Depois de atendida a chamada, será dada toda a informação pretendida pelo munícipe, podendo ser fornecido acompanhamento psicológico, se necessário, ou promovido o devido encaminhamento para outro serviço.

“Neste contexto de pandemia, o papel do acompanhamento psicológico é crucial para promover a literacia sobre o COVID-19, prevenção de comportamentos de risco, e promoção de comportamentos pró-sociais e pró-saúde.
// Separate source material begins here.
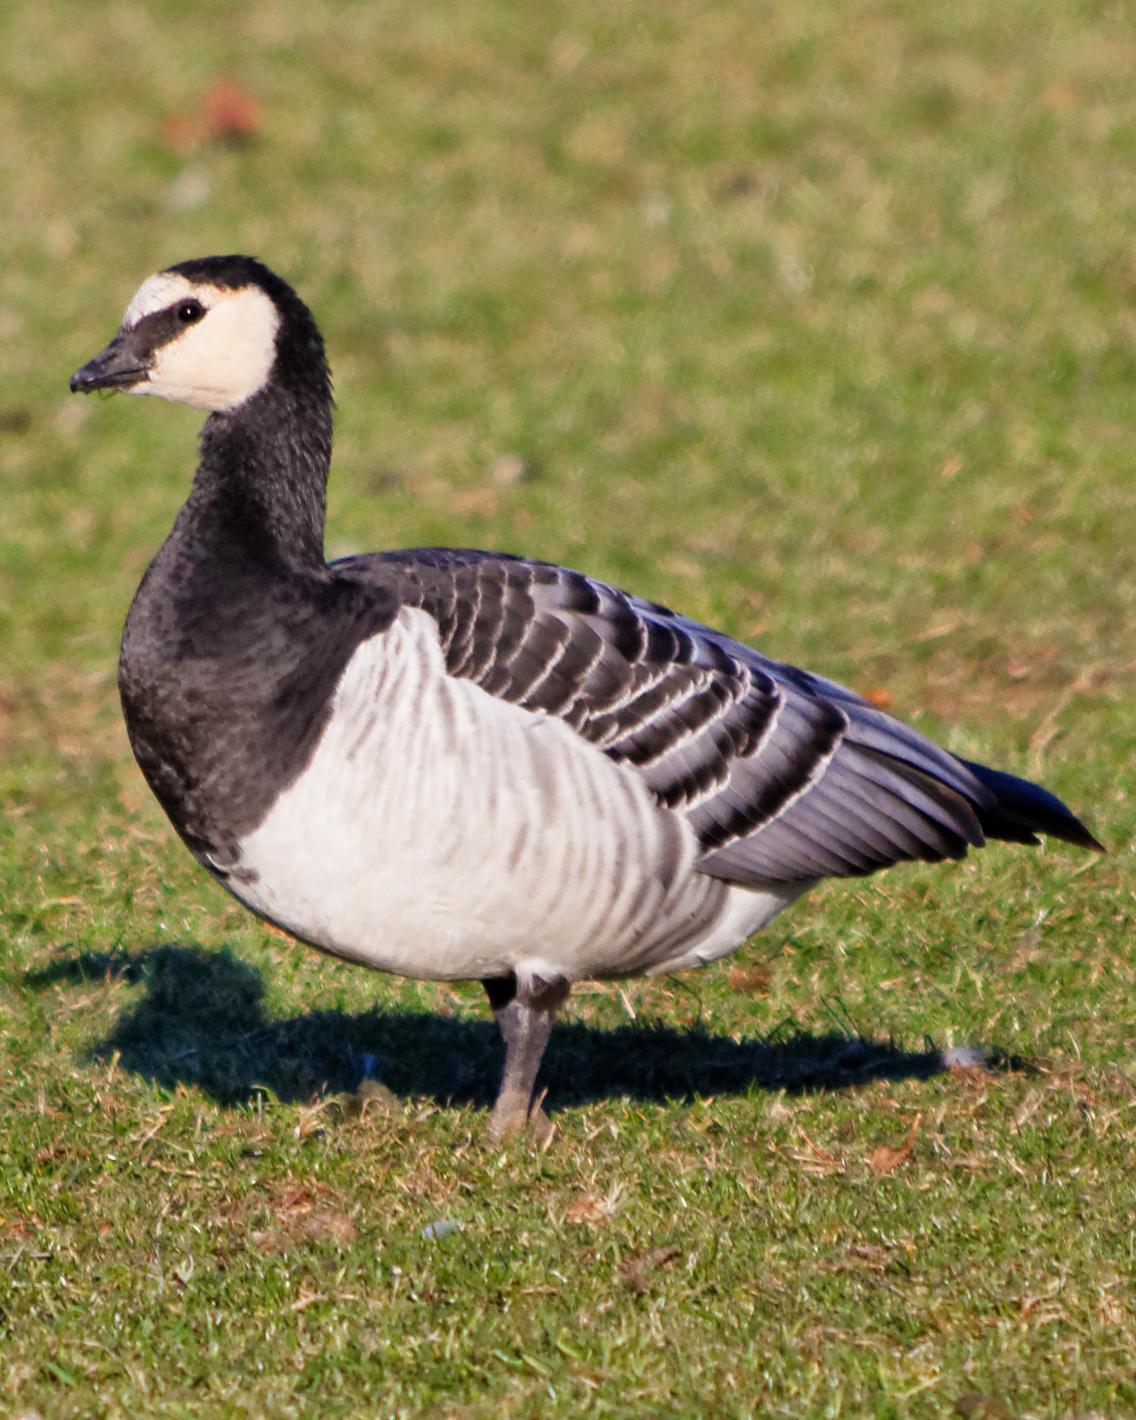 Barnacle Goose Photo by Eleanor Kwik

Este acompanhamento irá também promover literacia em saúde psicológica e a prestação de suporte emocional e de estratégias para lidar com o isolamento, adaptação à mudança e com situações de crise (perturbação psicológica, situações de negligência, abuso, violência, consumos ou outras)”, escreve a autarquia em comunicado.

A linha visa ainda a “diminuição da perceção de isolamento, promovendo a tomada de consciência de que a pessoa não está sozinha; promoção de comportamentos proativos, para que a pessoa se mostre próxima e socialmente conetável e mantenha contatos com a família e amigos, através de meios de comunicação à distância (telefone, vídeo-chamadas e redes sociais).

Esta iniciativa municipal quer ainda desenvolver a promoção de estratégias psico-educativas, de incentivo à realização de atividades integradas em rotinas e hábitos de vida saudáveis e a promoção de estratégias alternativas e de formas adaptativas para lidar com os efeitos do stresse e da ansiedade decorrentes da situação pandémica e das suas consequências ao nível do bem-estar.